Former CCDC chairman Peter Q. Davis says Cruz's appointment comes at the right time. Davis said the mission of CCDC has changed “from cleaning up blight and reducing crime to one of design and use, integrity.”
-Kinsee Morlan
Ewell's other nut job
Not sure how we missed this one, but it's still fun.
In his new job as City Manager of Santa Monica, former San Diego City Manager Lamont Ewell-once famous for his very public dust-ups with squirrelly City Attorney Mike Aguirre-has had to battle a different type of nutcracker.

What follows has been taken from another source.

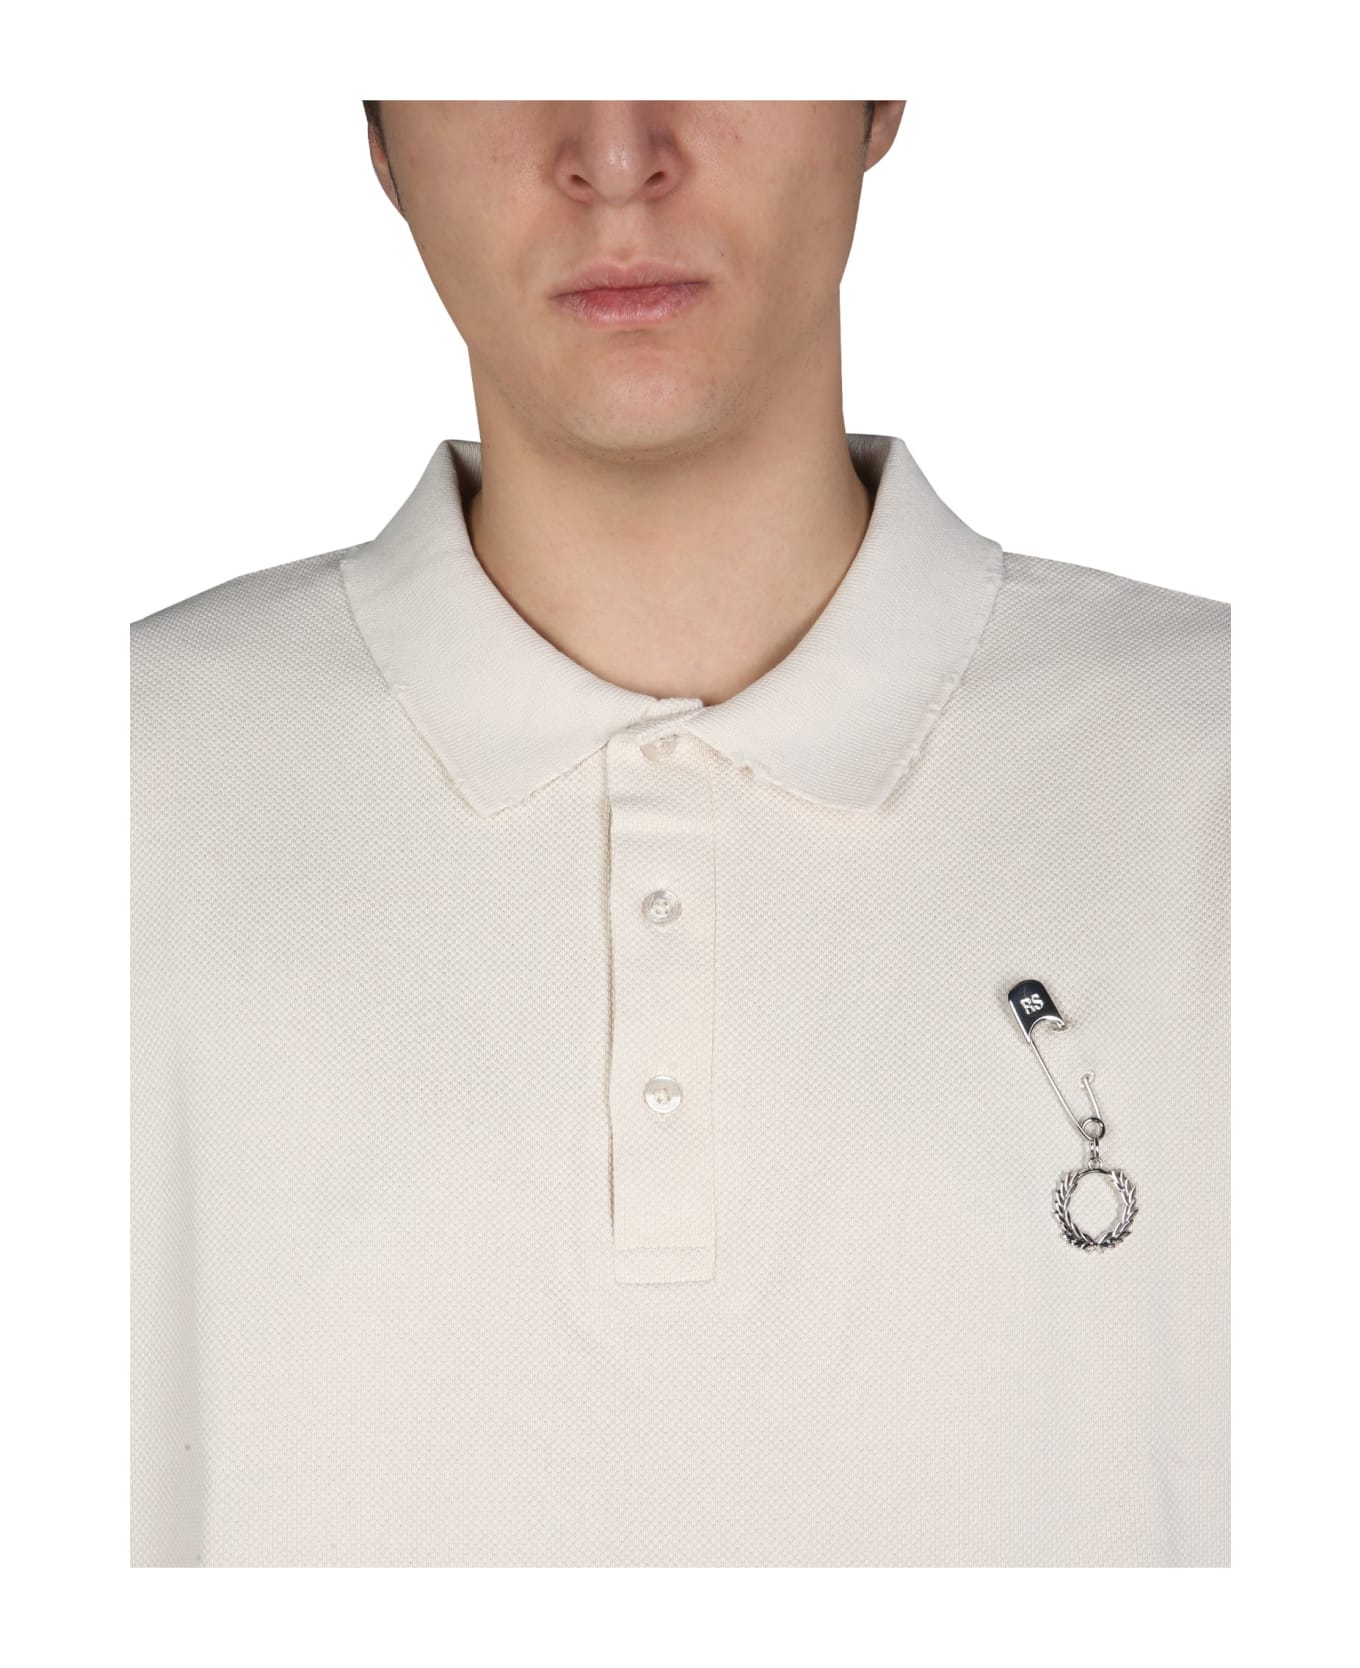 Fred Perry by Raf Simons Distressed Oversized Polo Shirt - CIPRIA

Shortly after taking office in early January, Ewell-who CityBeat always suspected had a mean streak-ordered Santa Monica city staff to gas hundreds of fuzzy little ground squirrels that had built burrows within the city's Palisades Park.
The Los Angeles County Health Department had previously ordered the city to reduce the number of ground squirrels there and, in a written statement, Ewell cited potential health concerns and liability claims if the city didn't take immediate action to reduce the population.
“This application is highly effective at reducing the number of squirrels quickly and, more importantly, with minimal suffering,” Ewell said in a prepared statement issued after handing the squirrels the death penalty. “As a person who loves animals, my goal is to avoid ever having to reduce the populations of squirrels in this manner again.”
Ewell's order drew a backlash from PETA and other animal-rights groups, but relations improved this spring when the city agreed to begin feeding the squirrels a drug that would sterilize them.